Documents from the Epstein files released in recent days show that the commerce secretary sent confidential information in a series of emails to the late financier after the financial crash.

They prompted a furious response from across the political spectrum, including Gordon Brown, who was prime minister at the time of the alleged offences. MPs reported Mandelson to Scotland Yard for misconduct in public office.

Mandelson resigned from the House of Lords on Tuesday afternoon.

Keir Starmer, who handed over a dossier to police, told a Cabinet meeting on Tuesday morning he was horrified by the reported leak. He asked officials to draft legislation to remove Mandelson from his peerage “as soon as possible”.

The prime minister’s spokesman said the Cabinet Office was looking at all the information it had about the documents, but an initial review of the Epstein files released Friday by the US Justice Department found they contained potentially market-sensitive information about the 2008 financial crash and subsequent economic recovery efforts.

Brown wrote to the Metropolitan Commissioner, Sir Mark Rowley, “with information relevant to his investigation into Lord Mandelson’s disclosure of market sensitive and confidential government information” to Epstein.

Emails passed on to Epstein from senior UK government officials show Mandelson claiming he was “trying hard” to change the government’s policy on bankers’ bonuses, sharing details of an impending bailout package for the euro the day before it was announced in 2010, and suggesting the JP Morgan boss “slightly threatened” the chancellor.

During coalition talks in 2010, with Mandelson at his side offering advice, Brown finally decided to step down as prime minister.
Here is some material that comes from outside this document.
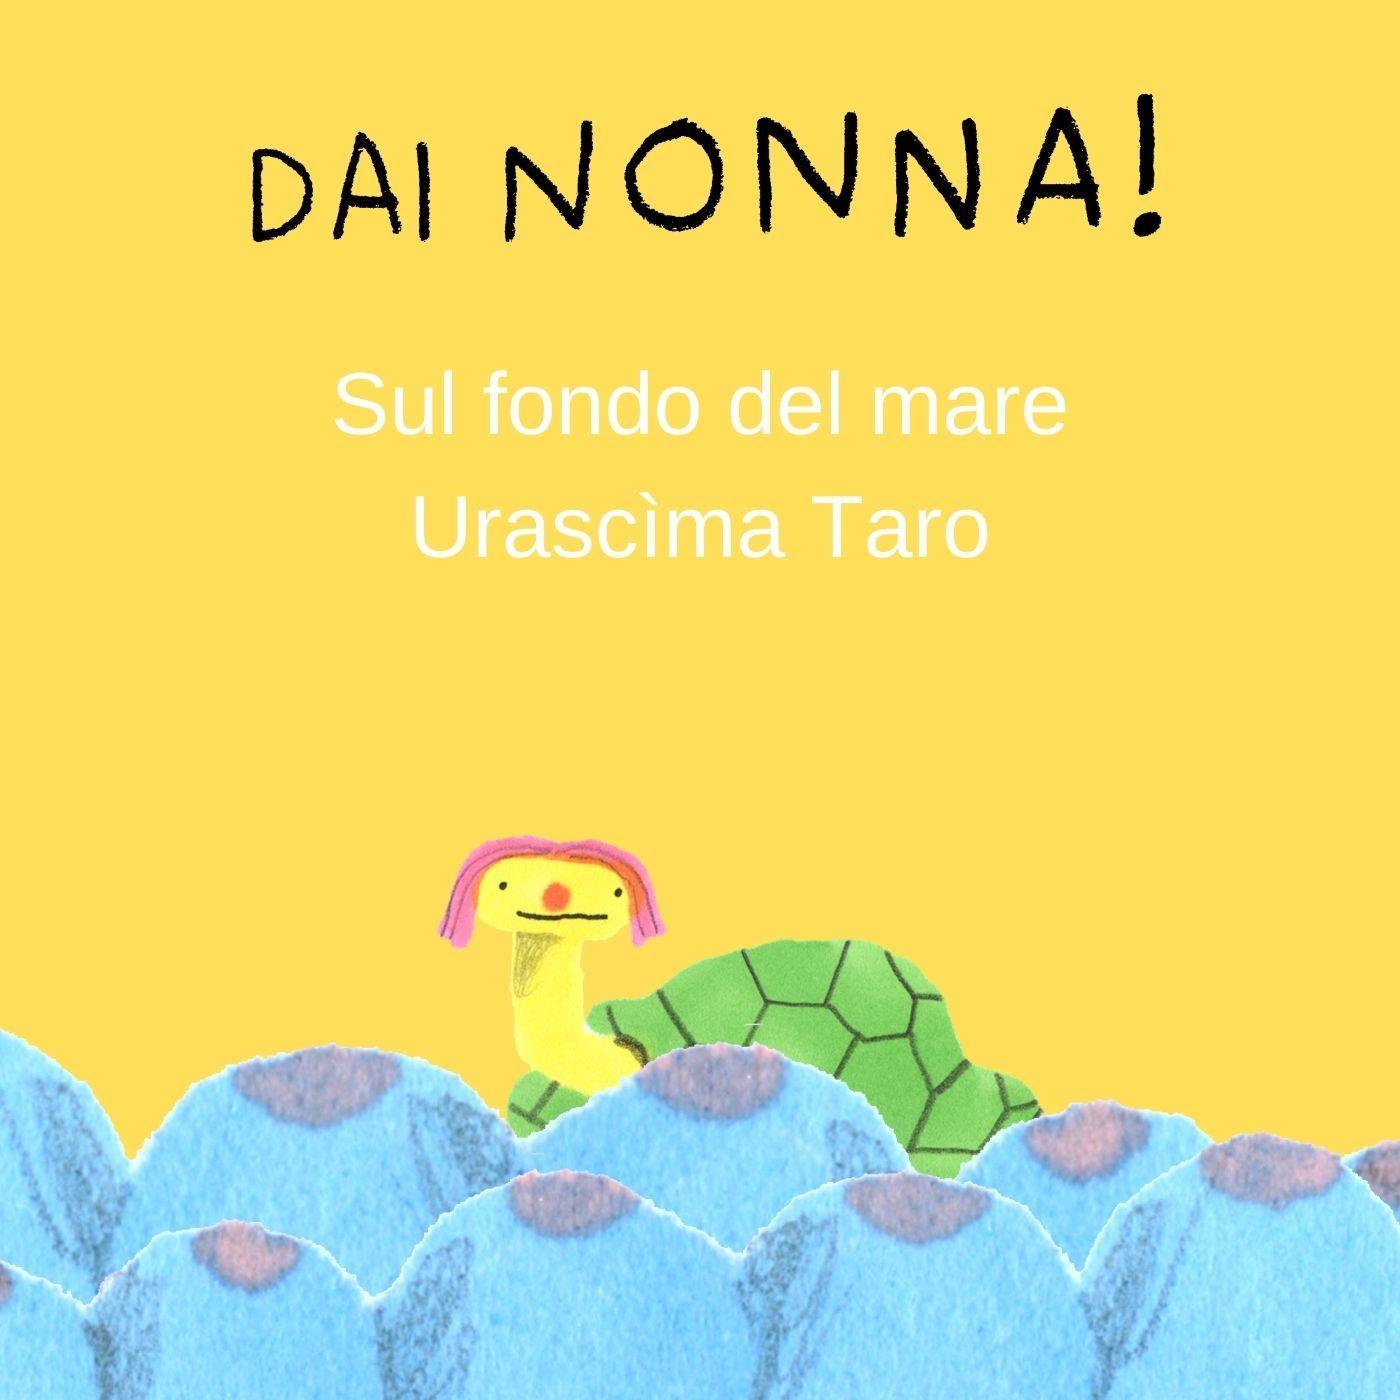 Sul fondo del mare Urascima Taro - ottava serie
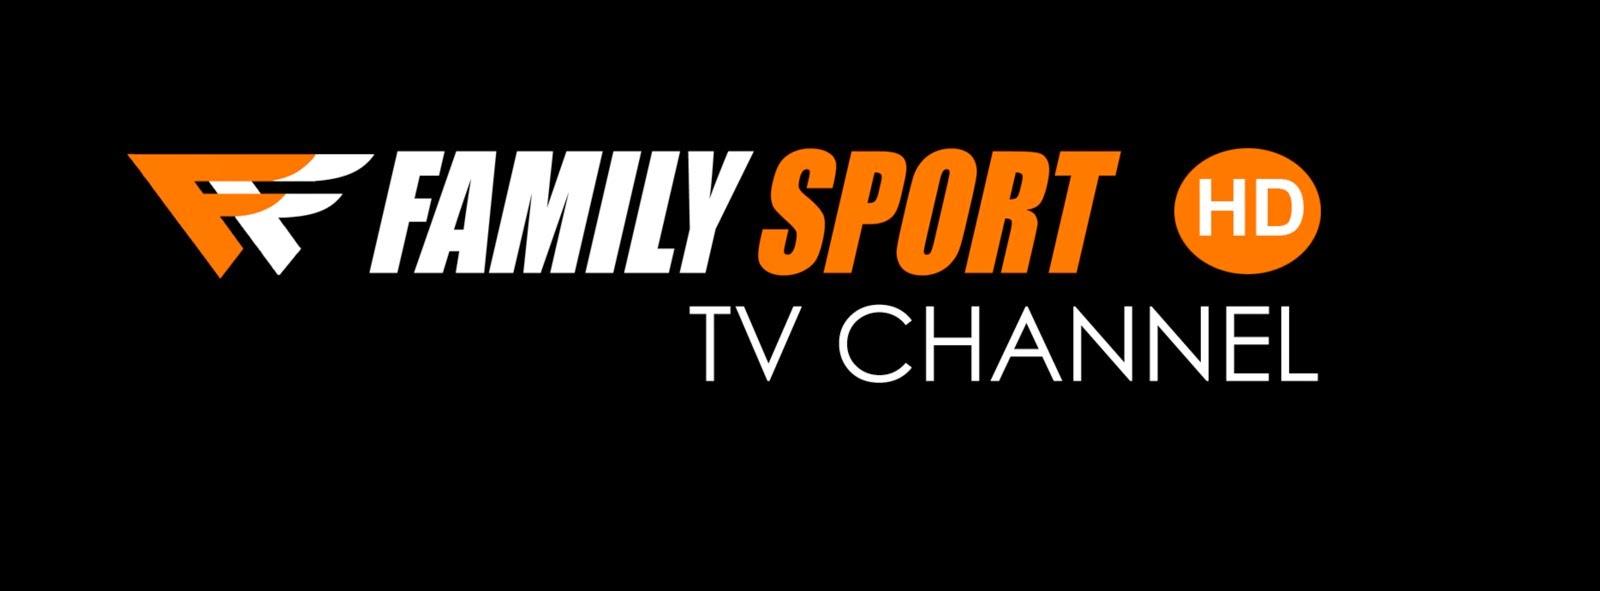 FAMILY SPORT HD

Hours before he announced his departure from No 10, Mandelson emailed Epstein: “Finally letting him go today.”

MPs have told the Guardian they want to press for further disclosure from Downing Street – including the prime minister’s chief of staff, Morgan McSweeney – about what Mandelson was asked before he was appointed as US ambassador.

The UK’s health secretary, Wes Streeting, said Mandelson’s association with Epstein was a “betrayal on many levels” but he could not see how the Cabinet Office or Starmer could have known about Epstein’s leaking of confidential information.